Analysis of Daimler Chrysler Merger

Introduction

Amounting to $36 billion deal (Stertz & Vlasic, 2000) the merger of Daimler-Benz and Chrysler in November 1998 was considered the largest trans-Atlantic merger ever. The resulting corporation was equally stunning; DaimlerChrysler was the world's fifth largest automobile manufacturer with $130 billion business, 442,000 employees (Finkelstein, 2002) and share value which climbed to a high $108.62 a few months after its stock was first traded (Schneider, 2001). Jurgen Schrempp, the Daimler's CEO,called it a “wedding made in heaven” (Schneider, 2001). In other words, his vision of this new giant in auto industry was a corporation that would take advantage of synergy effects from two complementary merging companies. However, the honeymoon phase was over after six months. On their closely-watched first quarterly earnings, the numbers were a massive disappointment.
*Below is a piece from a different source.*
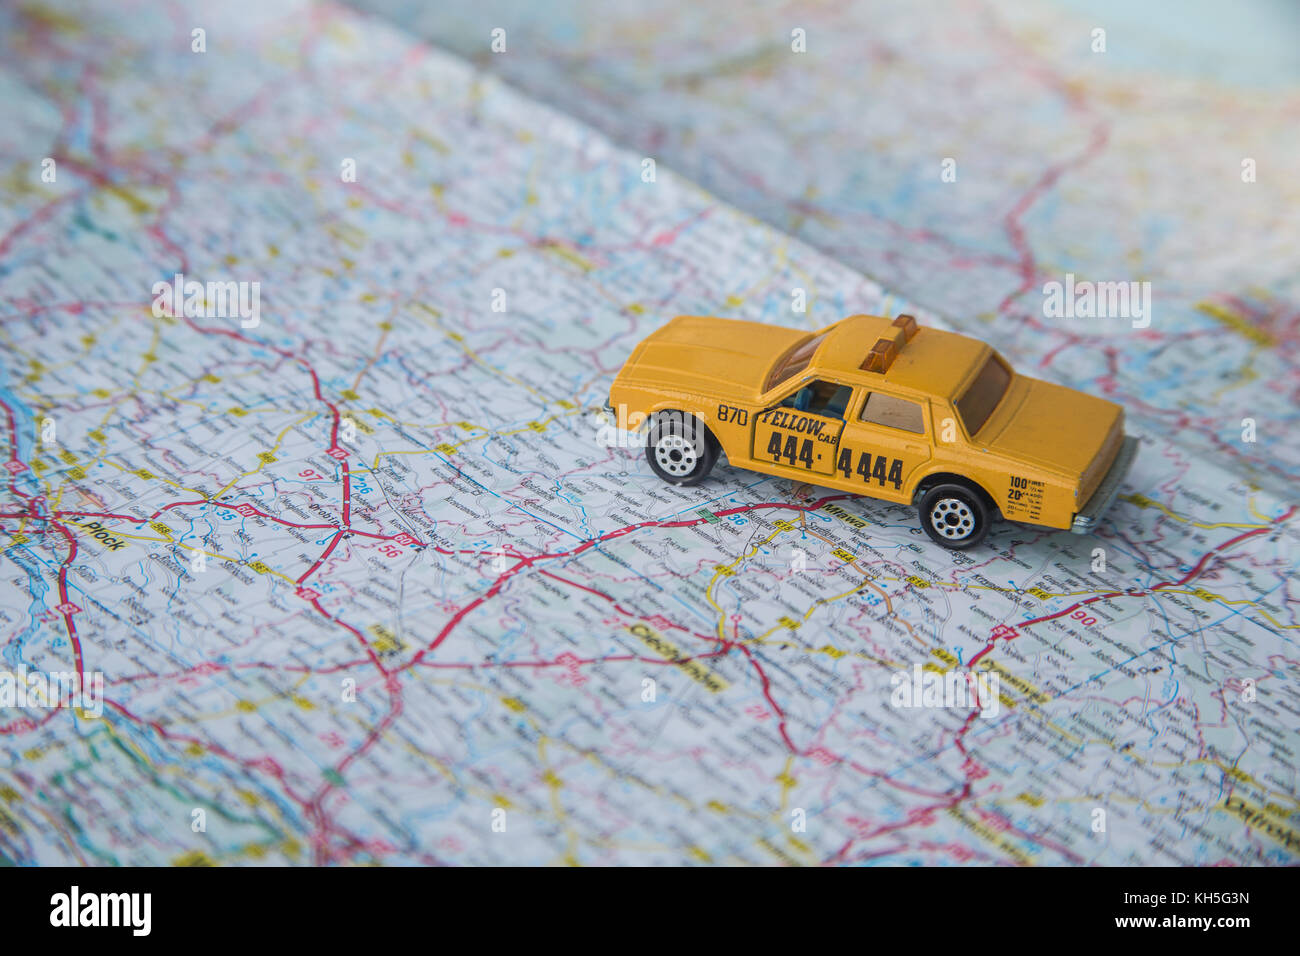 Taxi toy car on a map Stock Photo

Contradict the company's previous promise, its revenues rose ten percent in the second quarter to $38.5 billion but its profits were the same $1.53 billion (Stertz & Vlasic, 2000). The potential synergy savings between the two companies did not seem to take effect. As the consequence, DaimlerChrysler stock dropped $13 per share in two days, decimating over $10 billion in value (Stertz & Vlasic, 2000). The subsequent years did not look promising for the merged companies either. The internal turbulence within the company and the disappointing integration profitability, most notably indicated by the declining share price, led to demerger in 2007. This paper attempts to analyze the successes and failures of post-merger integration and determines the significant factors that culminated to the separation of these two automakers. Additionally, the elements of a future strategy for Mercedes, one of Daimler AG automobile divisions, without Chrysler are identified by analyzing its strategic position in 2007.

Discussion

Reasons for mergers and acquisitions

There are some reasons for companies to merge. Through a merger or acquisition growth of market share or sales can be realized instantly. Very important are economies of scale in mergers of companies within the same industry. A doubled output reduces the price-cleared unit-costs by 20-30%. Faster technological changes and shortened product-life-cycles require higher R&D-expenditures. Those can be spread over more unites after a merger. Further on merging companies expect to acquire new competences and capabilities, to enter a foreign market quicker and build up a global presence and, important in phases of consolidation, to eliminate competitors.

Daimler-Benzs' motives

Daimler-Benz researched 1997 the growth potential of its luxury brand Mercedes. The result was that it would never be possible to sell more than 1 million cars a year. But Mercedes wanted to increase its revenues by 7% annually to peak 50 million $ within 10 years. The shortlist of potential acquisitions consisted of Honda, Suzuki, Volvo, Renault and Chrysler. Suzuki's' and Volvos' volume sales were too low. Honda wanted to stay independent and Renault was strong in the same geographical market. The company left, was Chrysler The board saw the main purpose of a merger or an acquisition in maintaining the company's technological strength. They feared to loose their competitive strengths, ...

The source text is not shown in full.